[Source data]
● ● ●

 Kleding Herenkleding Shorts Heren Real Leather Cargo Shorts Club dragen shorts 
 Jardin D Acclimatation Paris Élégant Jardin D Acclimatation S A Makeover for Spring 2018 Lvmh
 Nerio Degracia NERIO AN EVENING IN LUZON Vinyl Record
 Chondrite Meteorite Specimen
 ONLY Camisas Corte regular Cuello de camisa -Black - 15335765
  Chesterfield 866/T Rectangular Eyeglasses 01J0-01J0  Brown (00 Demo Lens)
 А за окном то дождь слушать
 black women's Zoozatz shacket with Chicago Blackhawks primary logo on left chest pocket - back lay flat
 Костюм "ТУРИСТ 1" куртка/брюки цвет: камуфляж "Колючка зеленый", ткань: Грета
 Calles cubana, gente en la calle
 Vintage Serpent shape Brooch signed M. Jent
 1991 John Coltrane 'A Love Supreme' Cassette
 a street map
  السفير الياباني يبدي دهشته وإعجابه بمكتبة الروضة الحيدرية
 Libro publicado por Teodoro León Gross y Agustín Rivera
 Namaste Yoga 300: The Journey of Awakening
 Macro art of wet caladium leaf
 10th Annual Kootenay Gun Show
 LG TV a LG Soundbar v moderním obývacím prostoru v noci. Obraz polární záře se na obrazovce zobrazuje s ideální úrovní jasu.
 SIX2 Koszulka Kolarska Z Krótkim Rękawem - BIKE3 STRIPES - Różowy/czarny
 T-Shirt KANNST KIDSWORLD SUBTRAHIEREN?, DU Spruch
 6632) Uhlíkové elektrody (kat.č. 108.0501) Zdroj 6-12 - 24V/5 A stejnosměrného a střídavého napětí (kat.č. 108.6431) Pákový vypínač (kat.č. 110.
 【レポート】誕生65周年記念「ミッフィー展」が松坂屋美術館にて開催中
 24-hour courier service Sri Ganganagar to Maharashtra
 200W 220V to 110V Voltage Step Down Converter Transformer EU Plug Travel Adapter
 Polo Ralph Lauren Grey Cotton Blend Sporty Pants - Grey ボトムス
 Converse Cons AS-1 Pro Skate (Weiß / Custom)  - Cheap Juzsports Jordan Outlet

● ● ●

### WHAT TO PRODUCE
Write all the data out again, exactly.

### COMPLETED TASK
 Kleding Herenkleding Shorts Heren Real Leather Cargo Shorts Club dragen shorts 
 Jardin D Acclimatation Paris Élégant Jardin D Acclimatation S A Makeover for Spring 2018 Lvmh
 Nerio Degracia NERIO AN EVENING IN LUZON Vinyl Record
 Chondrite Meteorite Specimen
 ONLY Camisas Corte regular Cuello de camisa -Black - 15335765
  Chesterfield 866/T Rectangular Eyeglasses 01J0-01J0  Brown (00 Demo Lens)
 А за окном то дождь слушать
 black women's Zoozatz shacket with Chicago Blackhawks primary logo on left chest pocket - back lay flat
 Костюм "ТУРИСТ 1" куртка/брюки цвет: камуфляж "Колючка зеленый", ткань: Грета
 Calles cubana, gente en la calle
 Vintage Serpent shape Brooch signed M. Jent
 1991 John Coltrane 'A Love Supreme' Cassette
 a street map
  السفير الياباني يبدي دهشته وإعجابه بمكتبة الروضة الحيدرية
 Libro publicado por Teodoro León Gross y Agustín Rivera
 Namaste Yoga 300: The Journey of Awakening
 Macro art of wet caladium leaf
 10th Annual Kootenay Gun Show
 LG TV a LG Soundbar v moderním obývacím prostoru v noci. Obraz polární záře se na obrazovce zobrazuje s ideální úrovní jasu.
 SIX2 Koszulka Kolarska Z Krótkim Rękawem - BIKE3 STRIPES - Różowy/czarny
 T-Shirt KANNST KIDSWORLD SUBTRAHIEREN?, DU Spruch
 6632) Uhlíkové elektrody (kat.č. 108.0501) Zdroj 6-12 - 24V/5 A stejnosměrného a střídavého napětí (kat.č. 108.6431) Pákový vypínač (kat.č. 110.
 【レポート】誕生65周年記念「ミッフィー展」が松坂屋美術館にて開催中
 24-hour courier service Sri Ganganagar to Maharashtra
 200W 220V to 110V Voltage Step Down Converter Transformer EU Plug Travel Adapter
 Polo Ralph Lauren Grey Cotton Blend Sporty Pants - Grey ボトムス
 Converse Cons AS-1 Pro Skate (Weiß / Custom)  - Cheap Juzsports Jordan Outlet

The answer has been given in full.